How to complete this task: An exact reprint of the listing is required, with no pictures included.

Provided data:
==*==

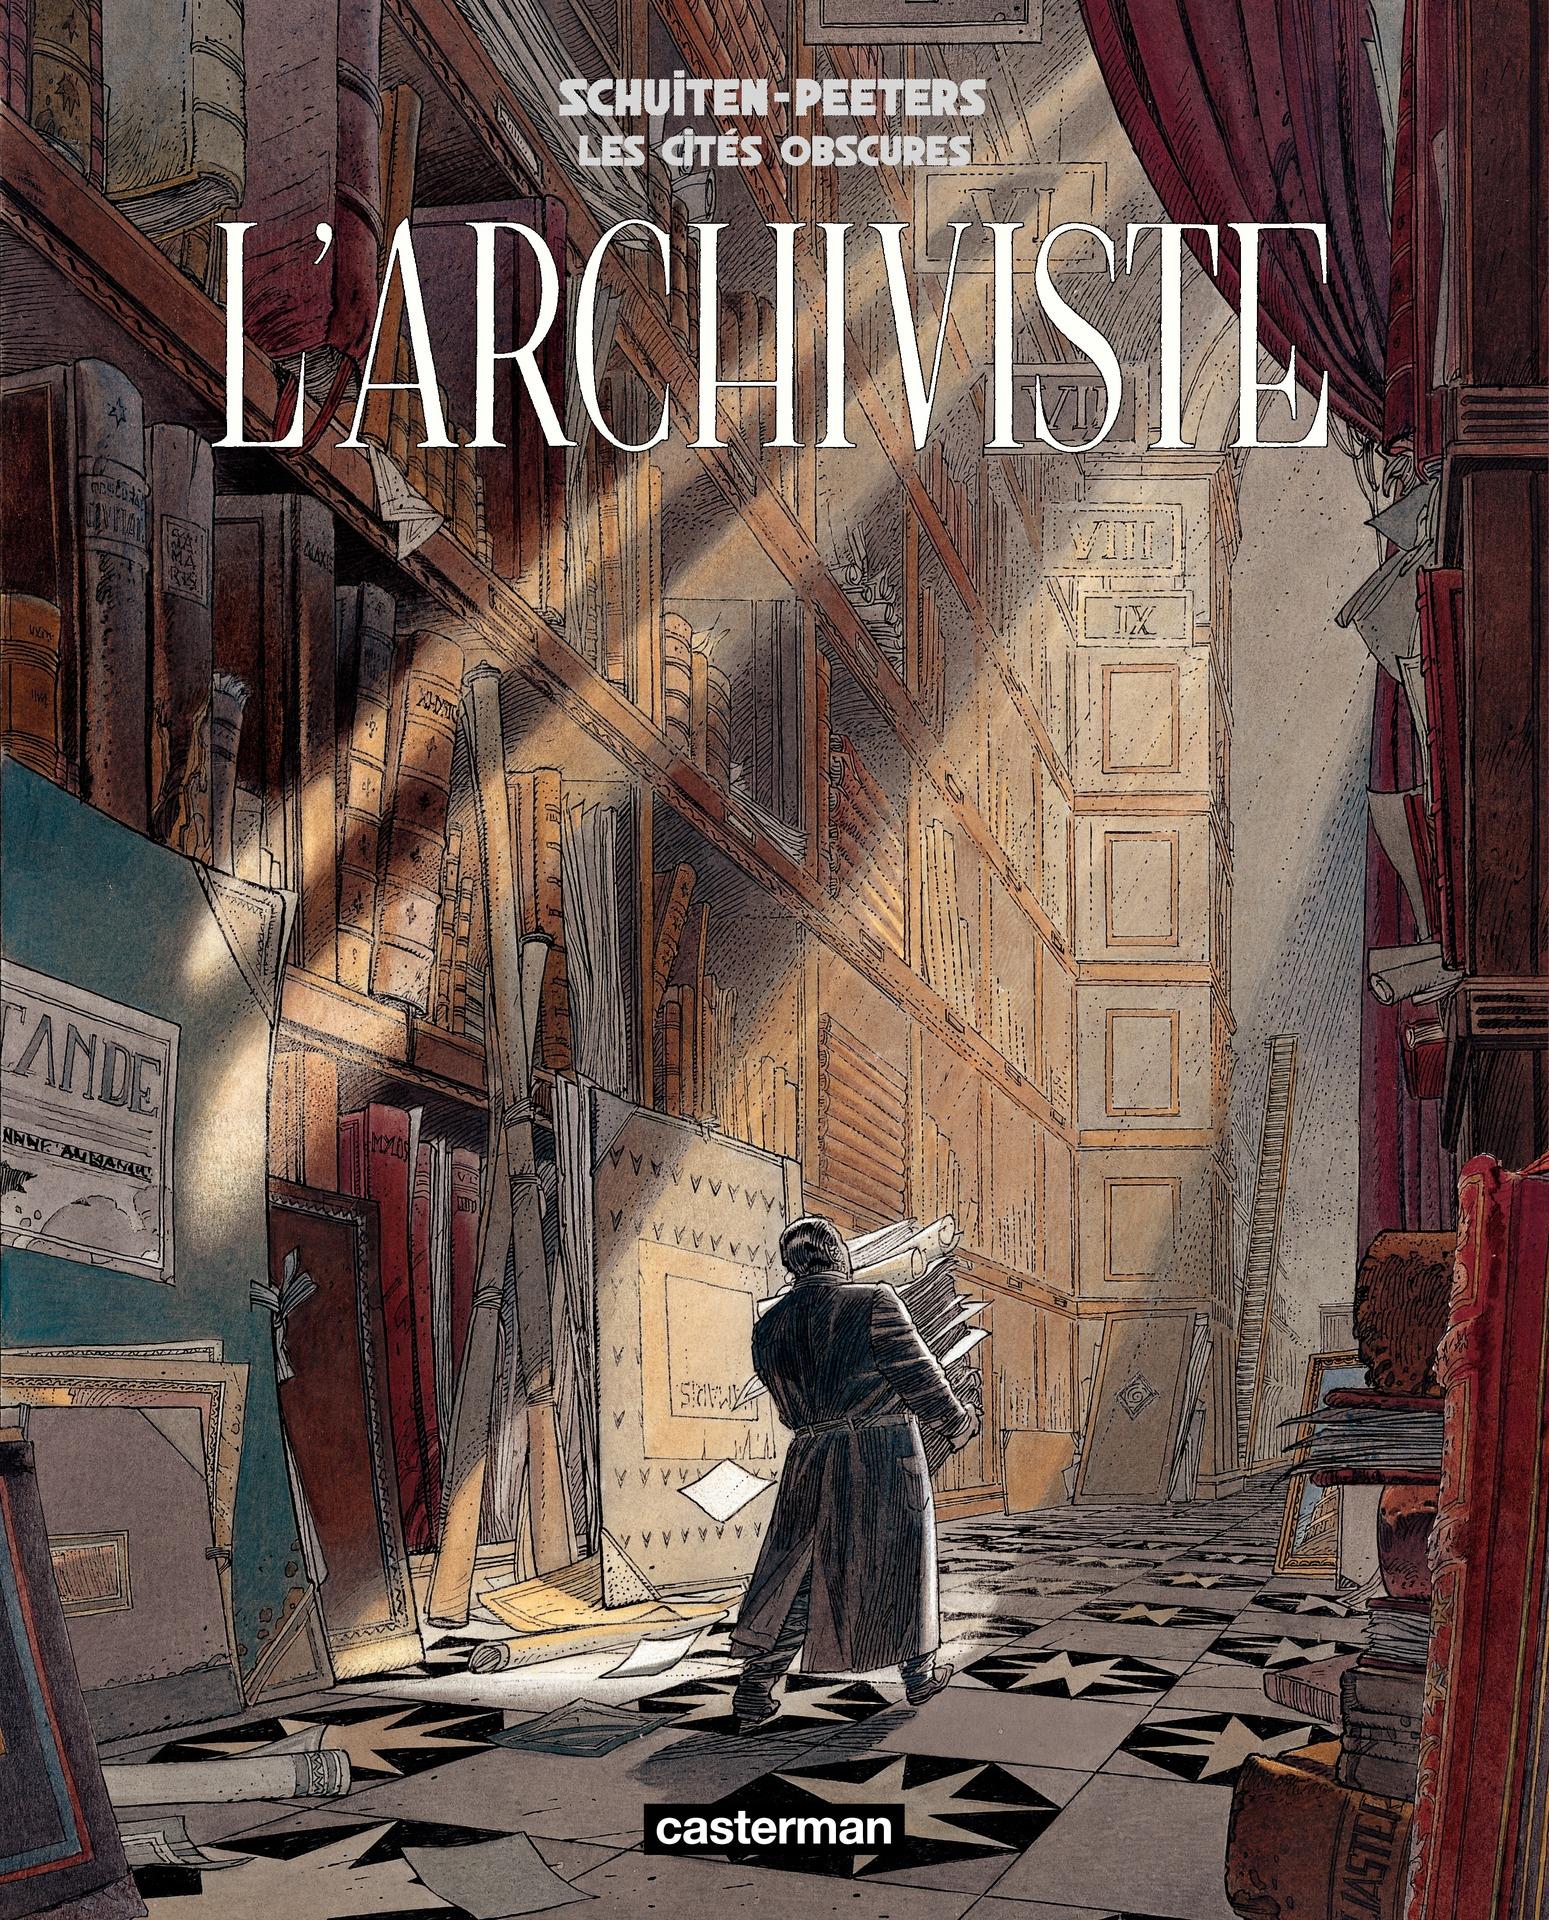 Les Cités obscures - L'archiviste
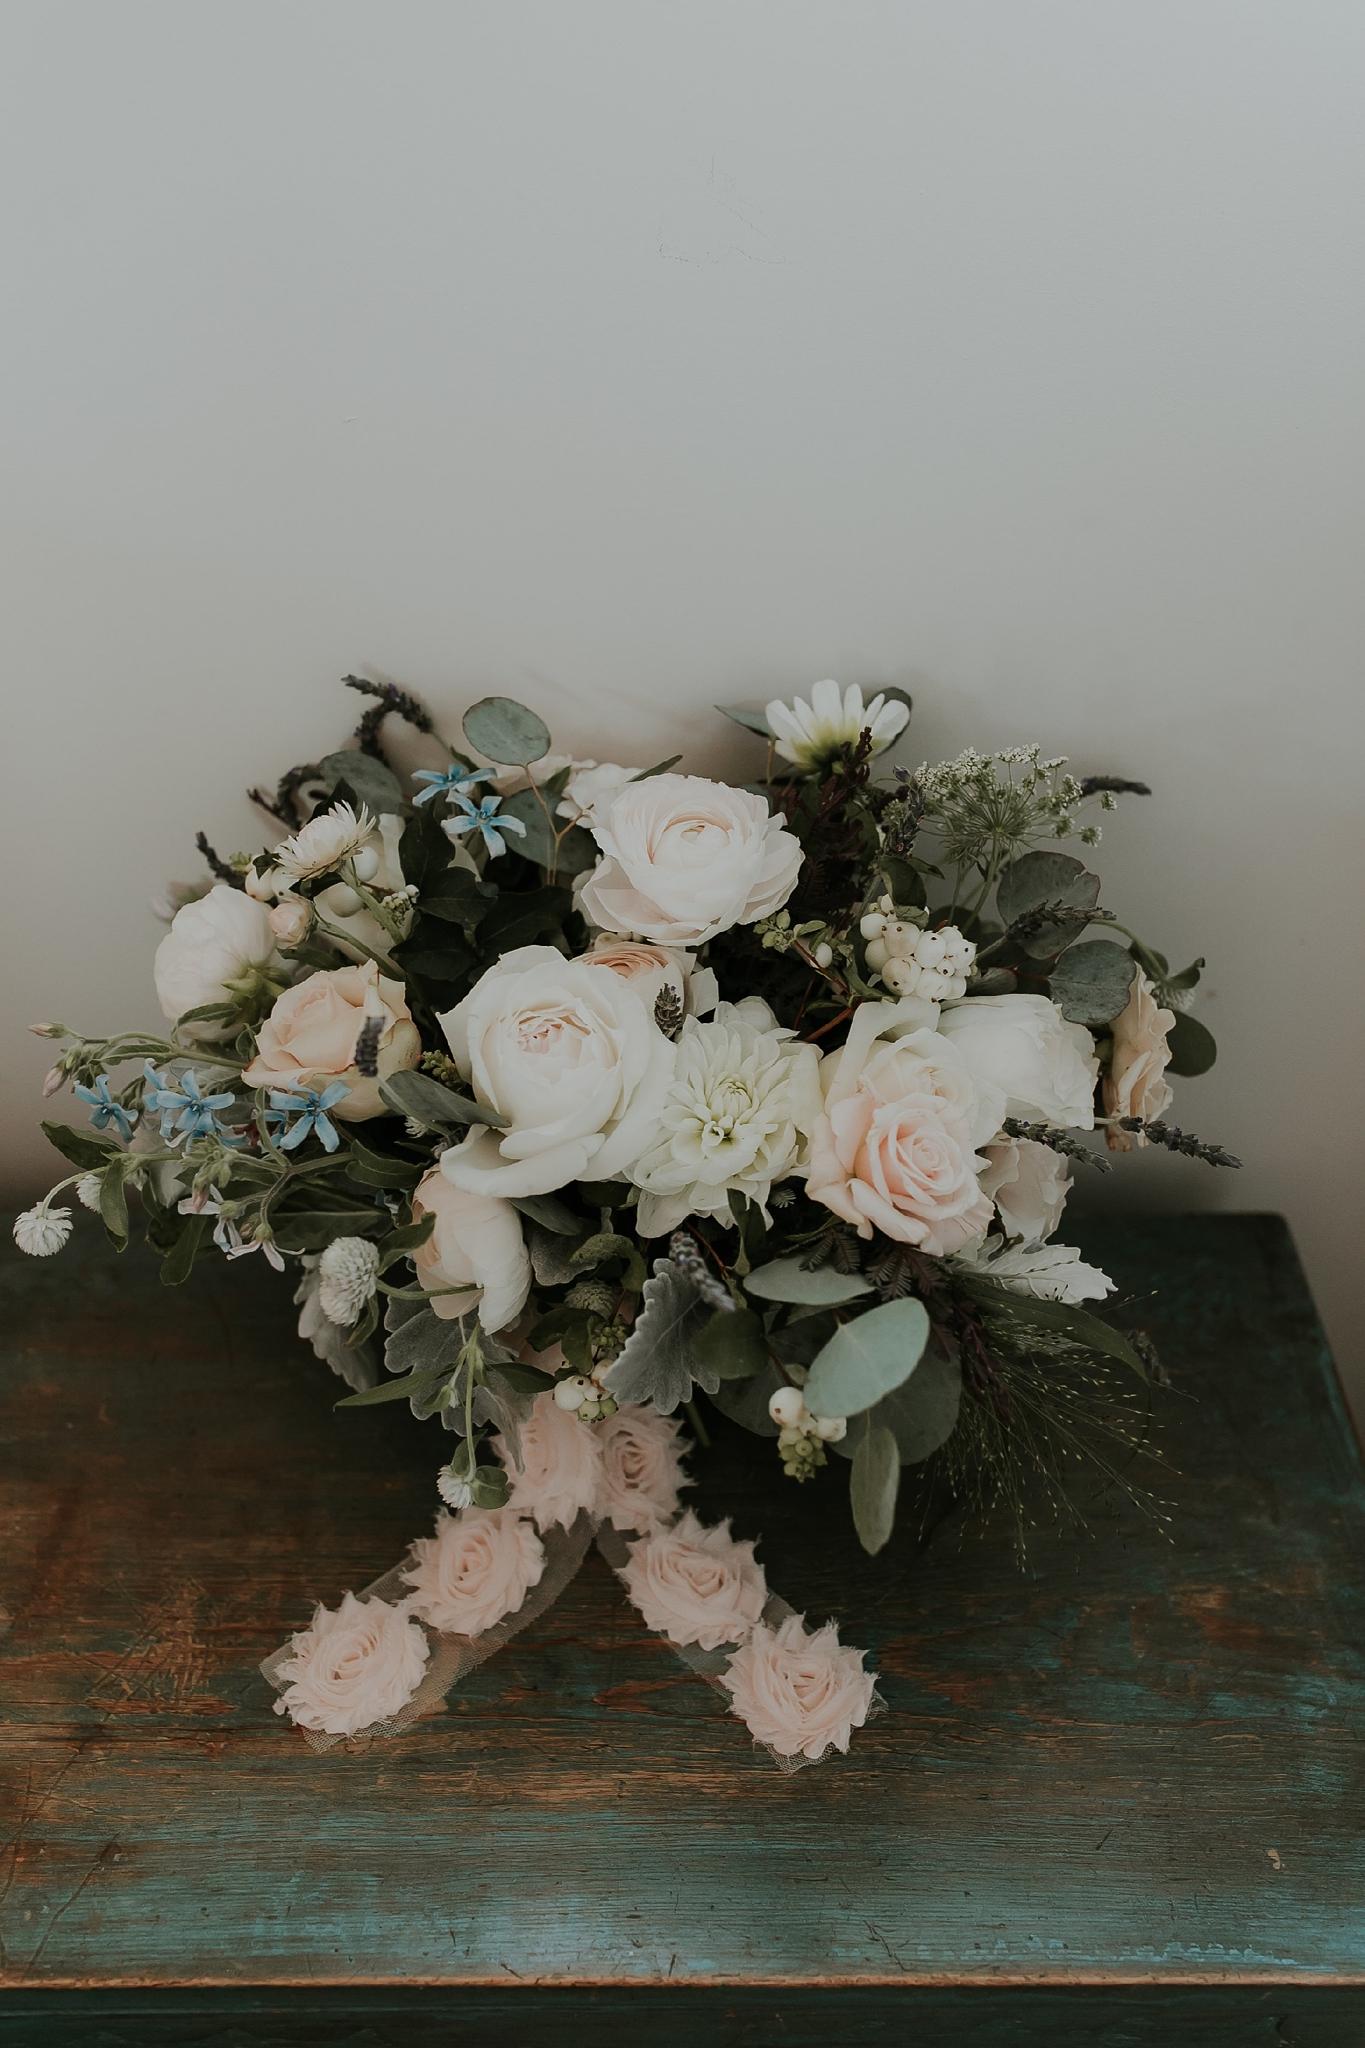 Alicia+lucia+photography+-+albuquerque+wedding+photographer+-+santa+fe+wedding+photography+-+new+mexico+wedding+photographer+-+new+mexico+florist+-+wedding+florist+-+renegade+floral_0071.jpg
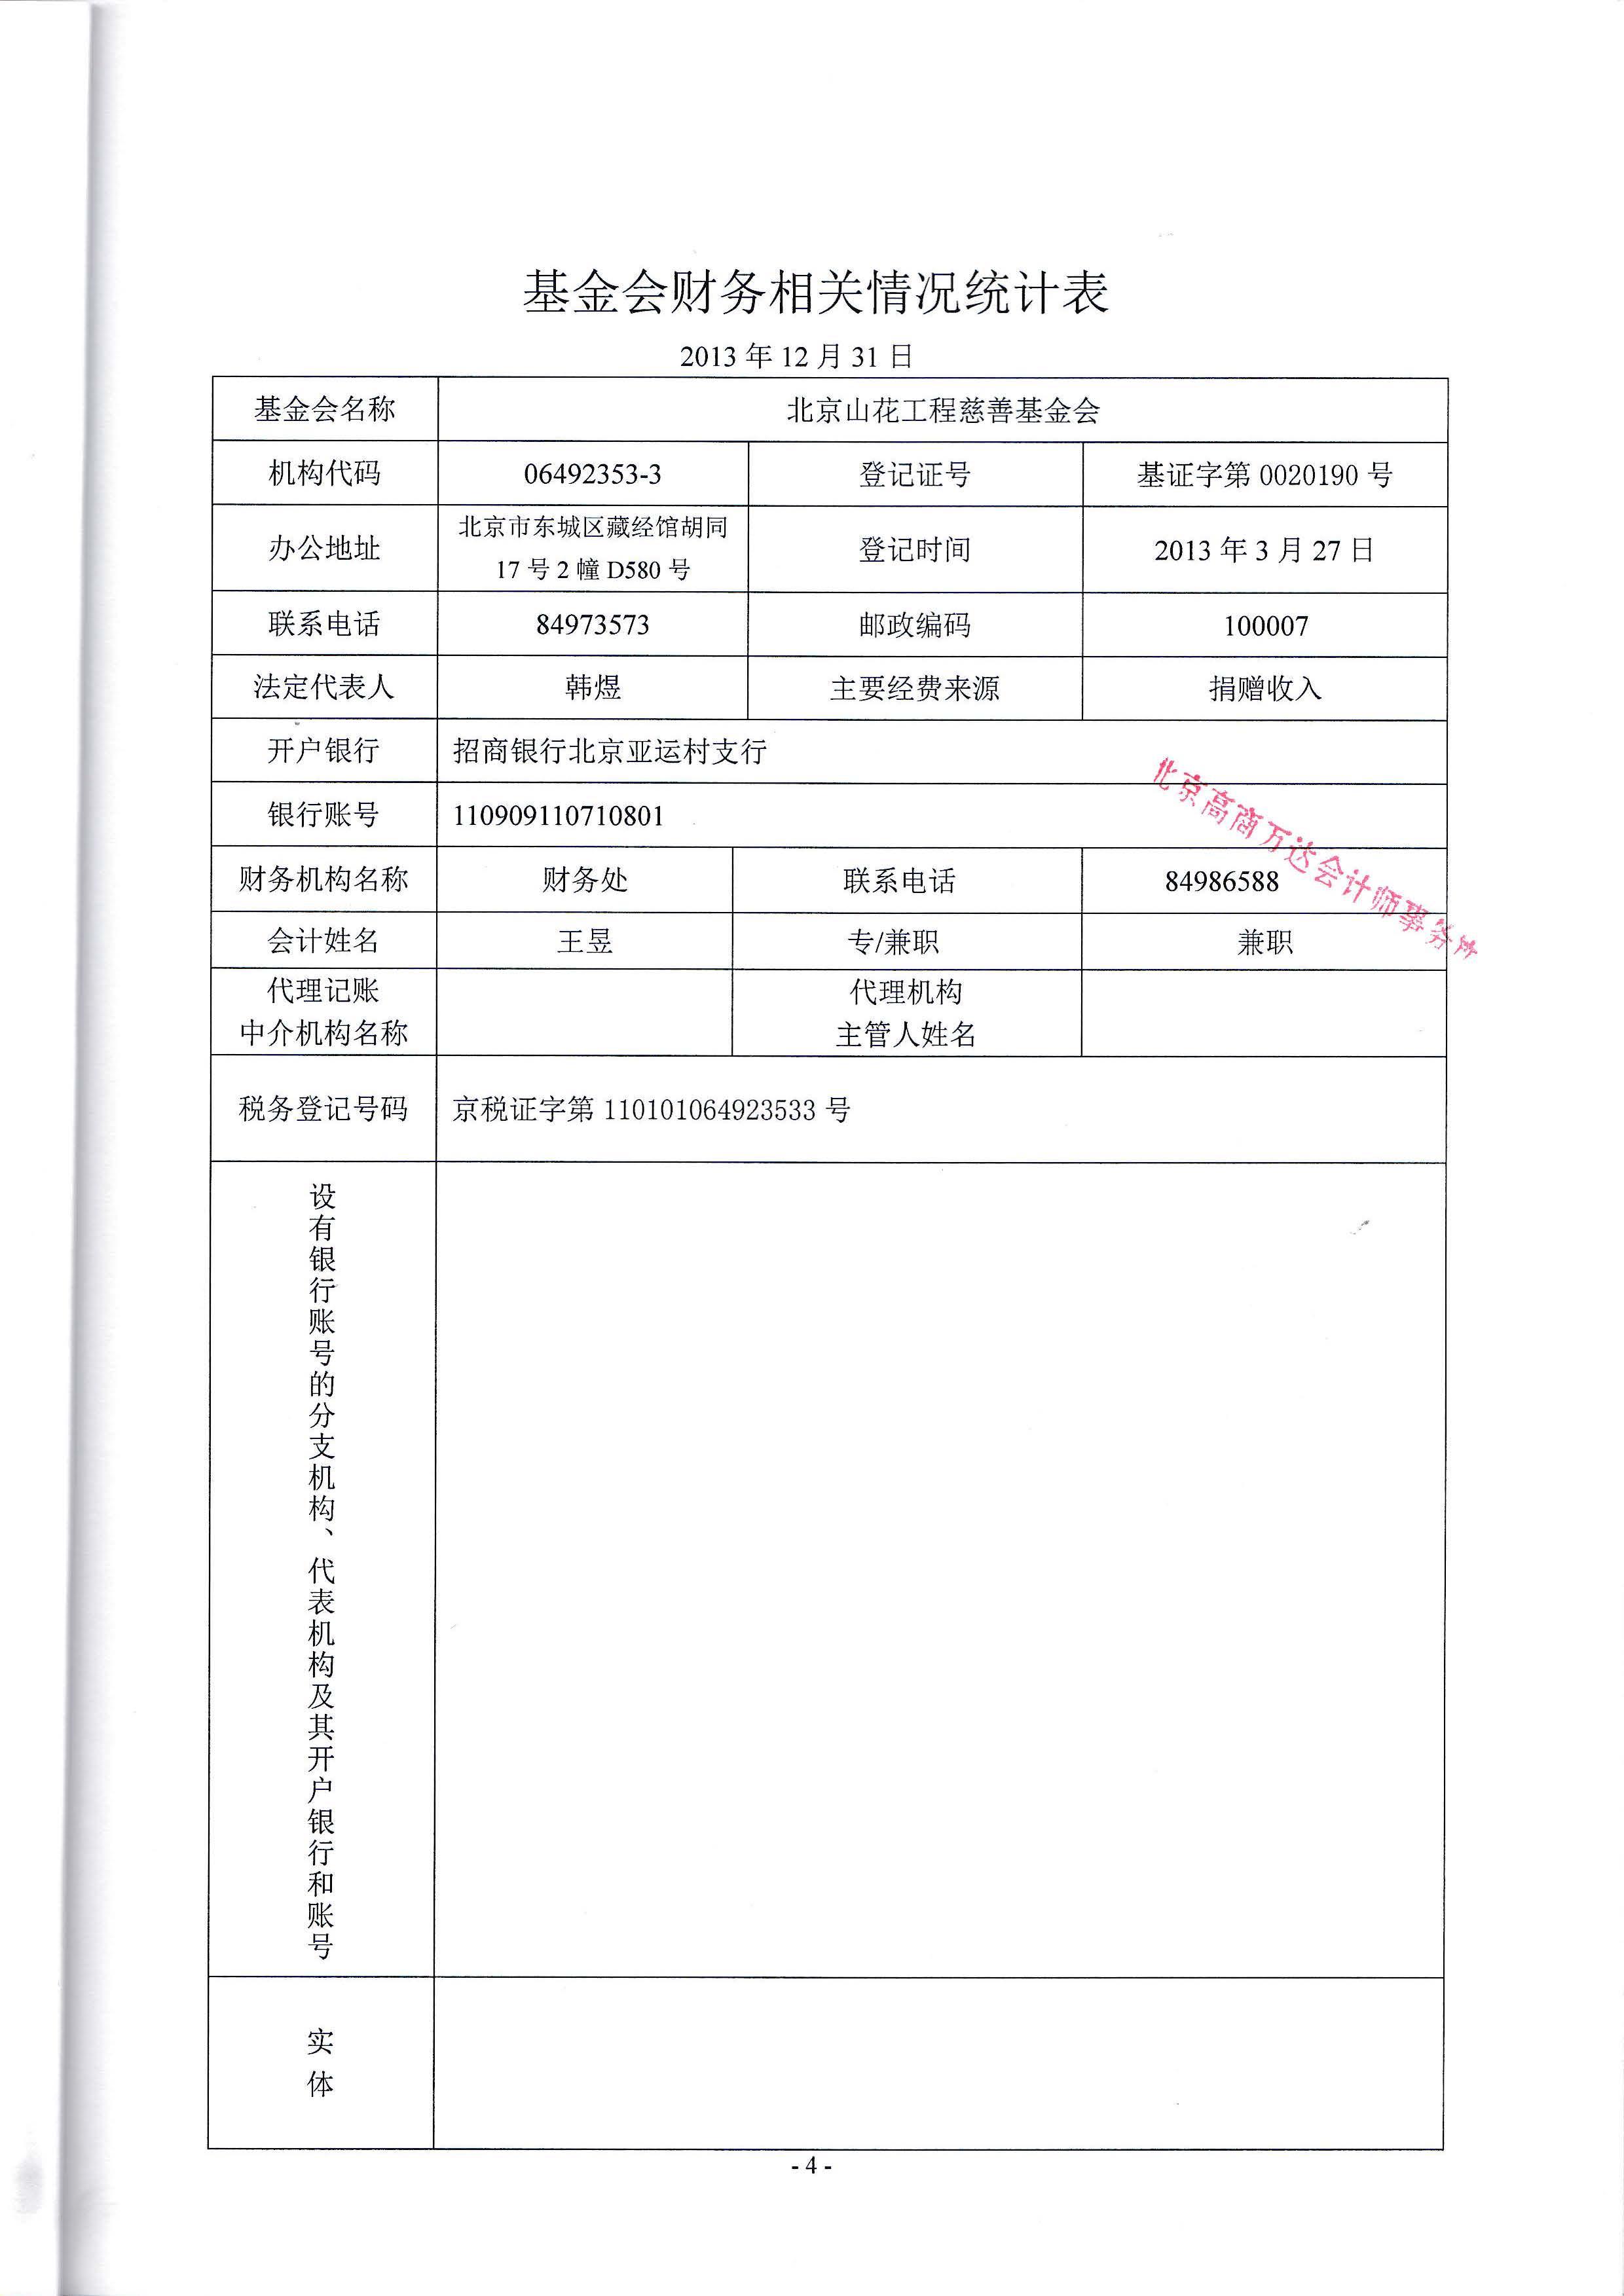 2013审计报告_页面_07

==*==

Output for this exercise:
 Les Cités obscures - L'archiviste
 Alicia+lucia+photography+-+albuquerque+wedding+photographer+-+santa+fe+wedding+photography+-+new+mexico+wedding+photographer+-+new+mexico+florist+-+wedding+florist+-+renegade+floral_0071.jpg
 2013审计报告_页面_07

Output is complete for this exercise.